ASSIGNMENT =
In the records below, find the line holding "NCWTS Final Practice" and the line holding "Vintage Antique 1920s". Set down both, with every line between them, exactly.

EXTRACTED ENTRIES =

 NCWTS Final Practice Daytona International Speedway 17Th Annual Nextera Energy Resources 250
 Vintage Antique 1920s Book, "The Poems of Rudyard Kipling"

---

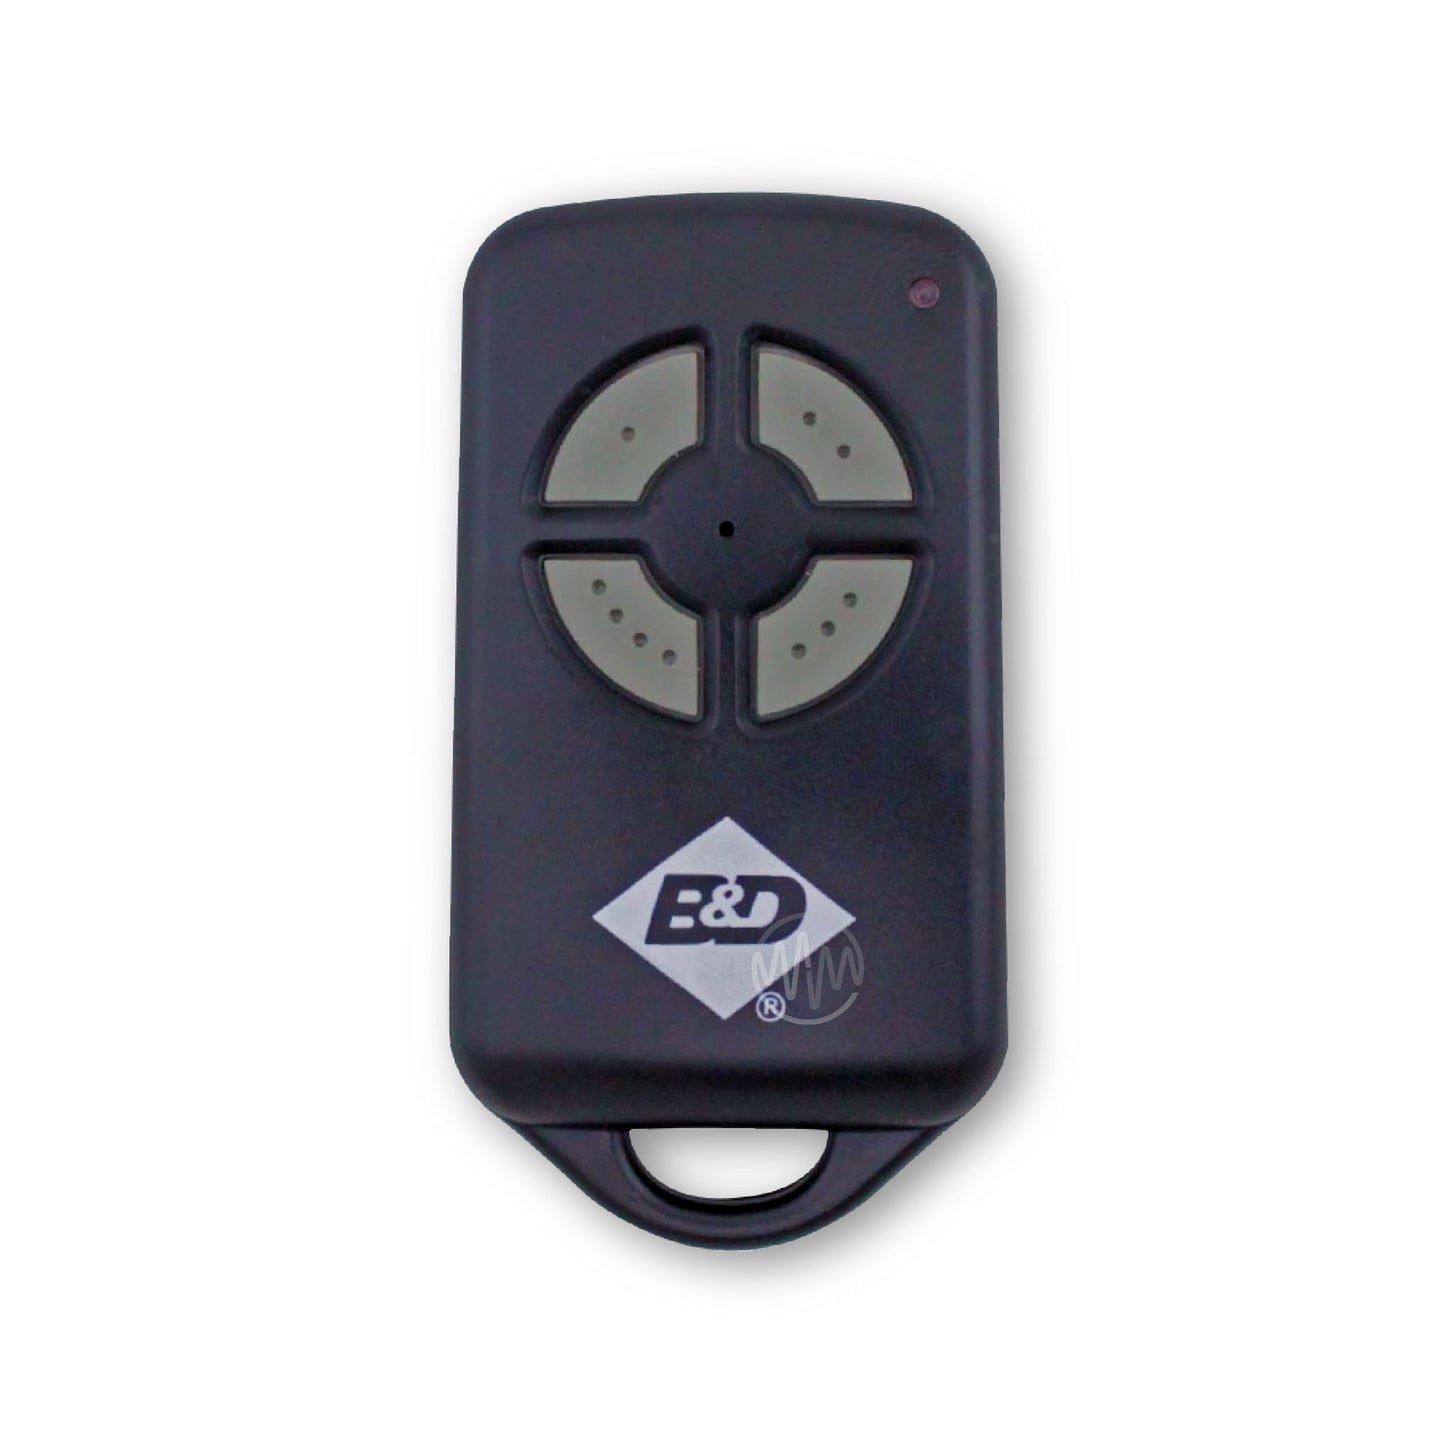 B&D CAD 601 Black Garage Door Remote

RESULT FOR THIS TASK =
 NCWTS Final Practice Daytona International Speedway 17Th Annual Nextera Energy Resources 250
 Vintage Antique 1920s Book, "The Poems of Rudyard Kipling"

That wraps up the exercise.